## Information provided

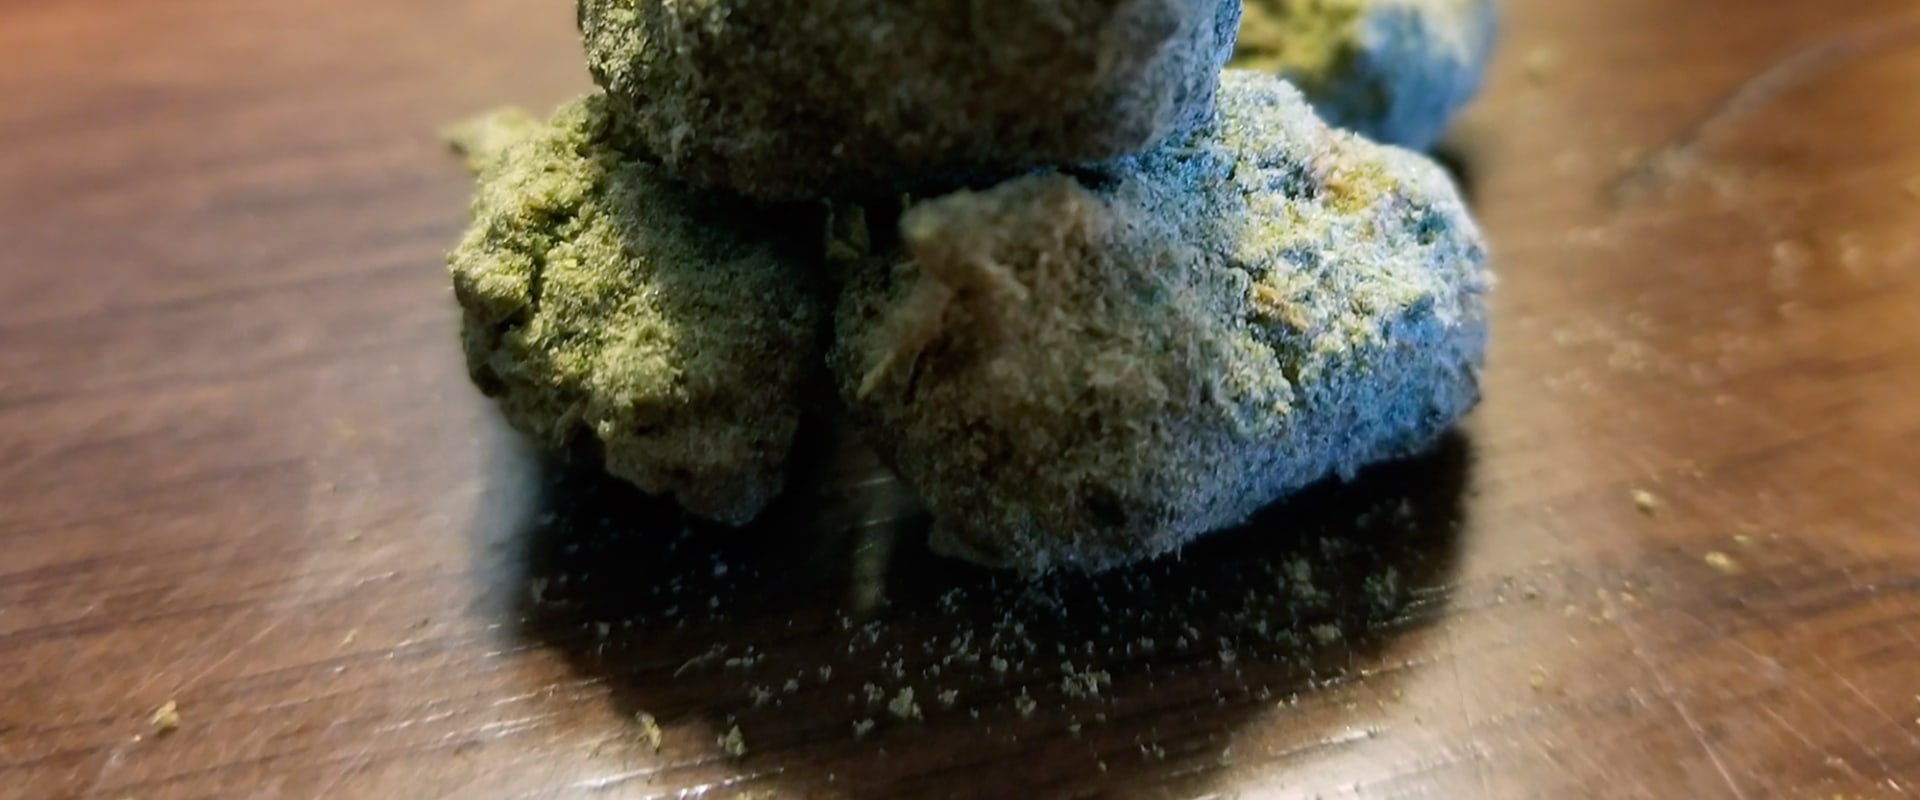 What are some tips for getting the most out of my moon rocks experience?
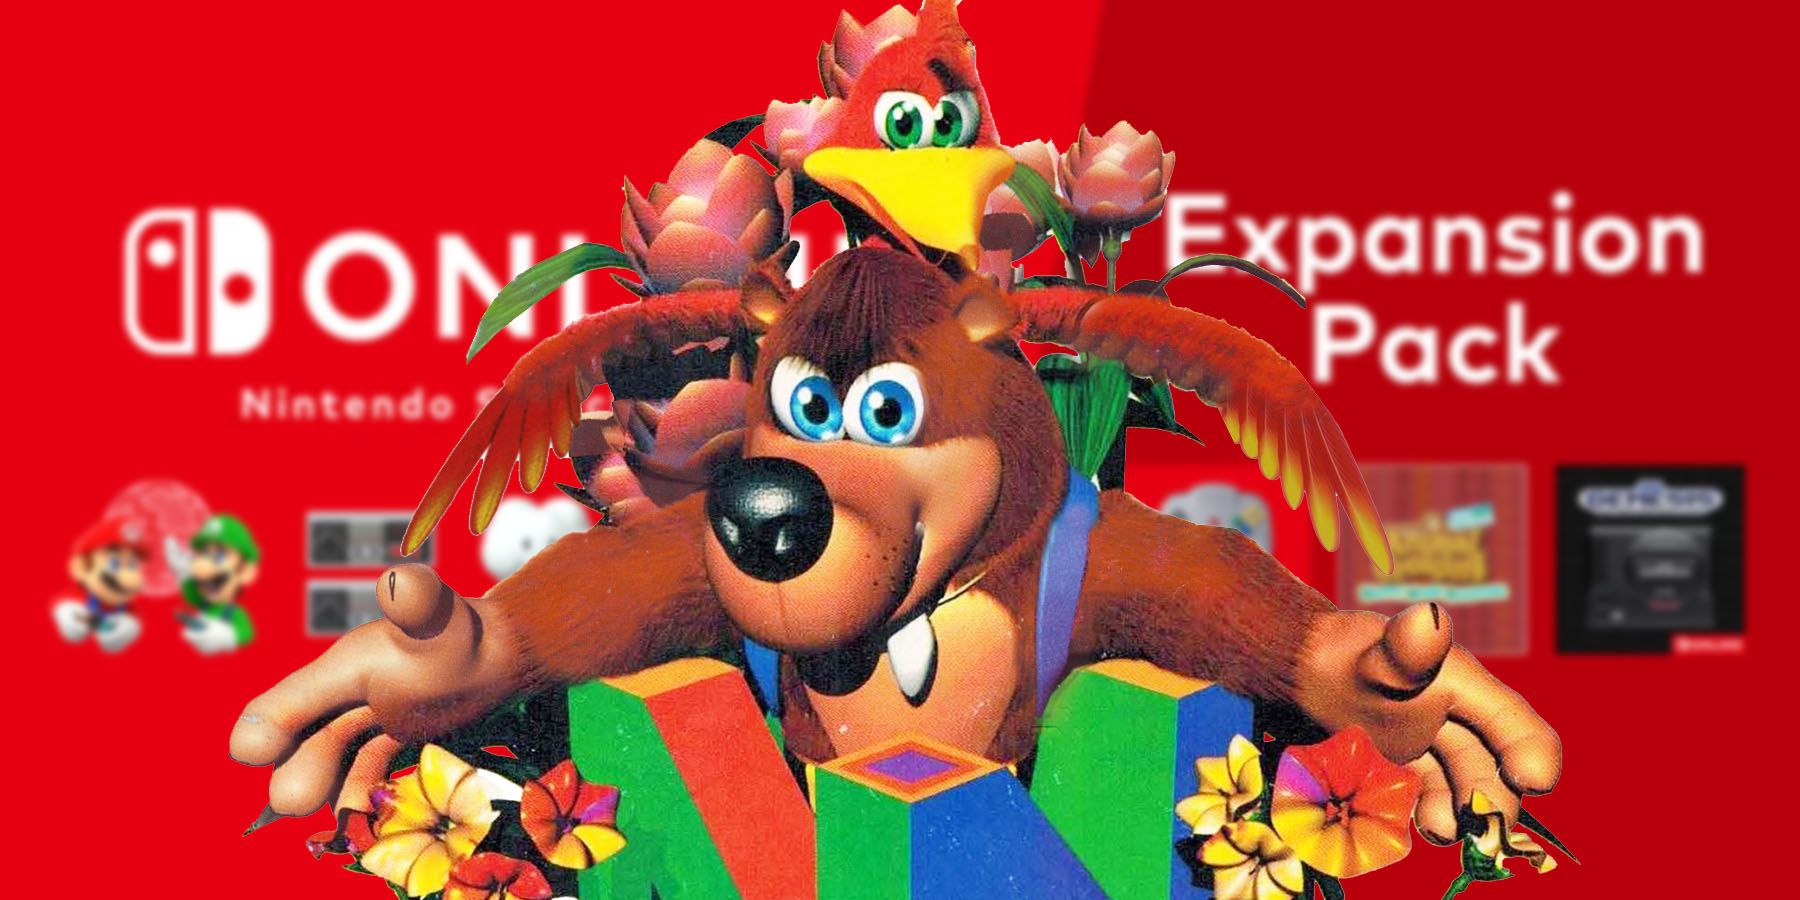 Banjo-Kazooie Is 'Coming Home' To A Nintendo Console Via Switch
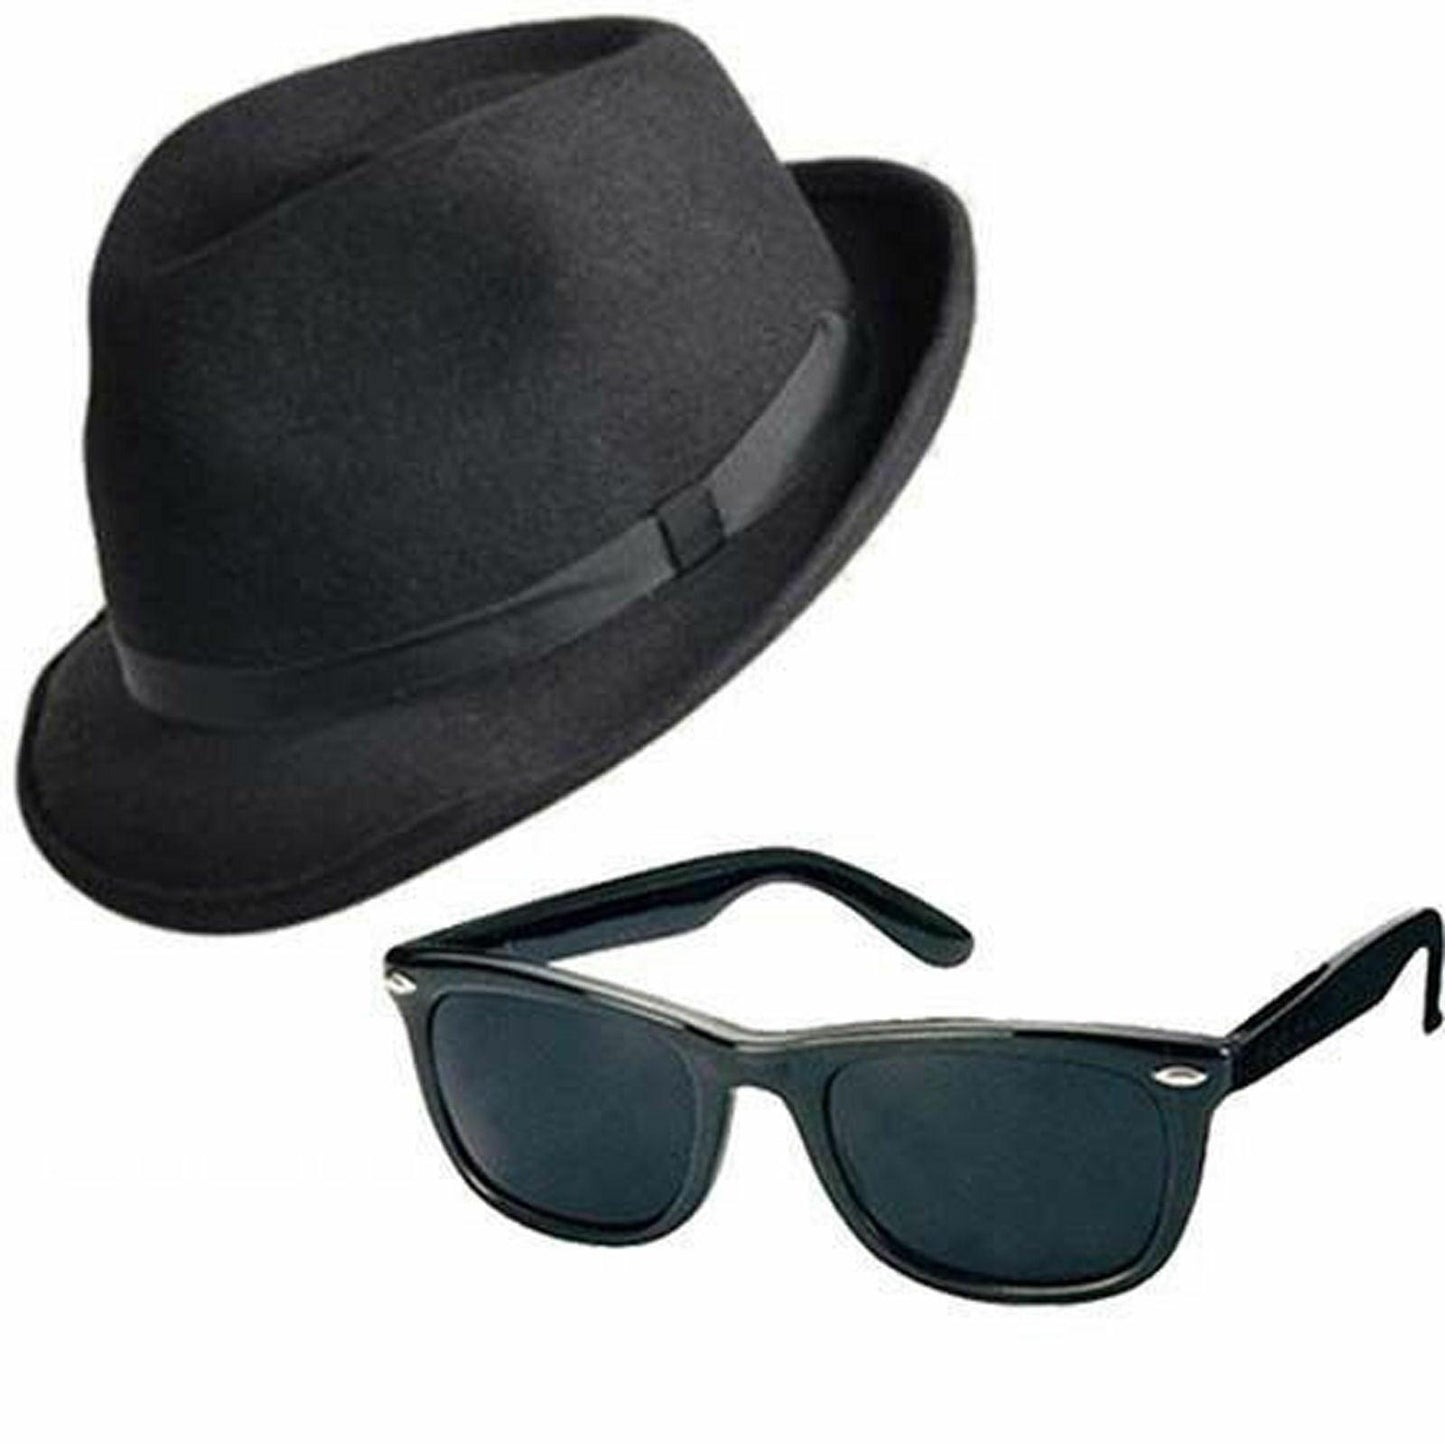 Hat Glasses Plain Tie Sideburns Blue Brothers Fancy Outfit Set - Labreeze
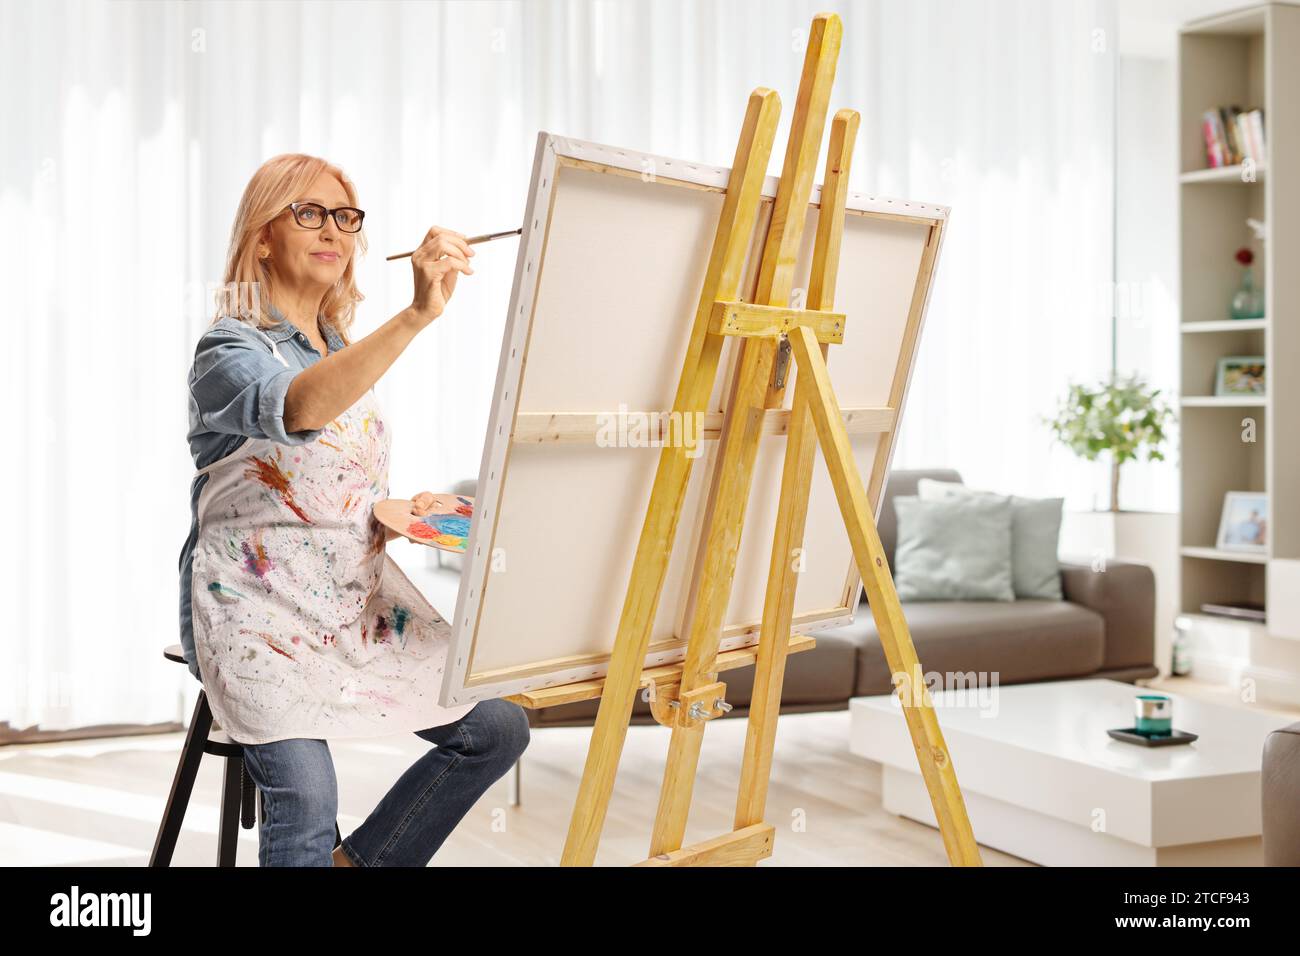 Woman holding a painting brush and palette with acrylic paint and painting at home Stock Photo

## Work to complete
In the data above, please extract the lines from the first one through the line with "Hat Glasses Plain", exactly, and keep pictures out.

## Written answer
 What are some tips for getting the most out of my moon rocks experience?
 Banjo-Kazooie Is 'Coming Home' To A Nintendo Console Via Switch
 Hat Glasses Plain Tie Sideburns Blue Brothers Fancy Outfit Set - Labreeze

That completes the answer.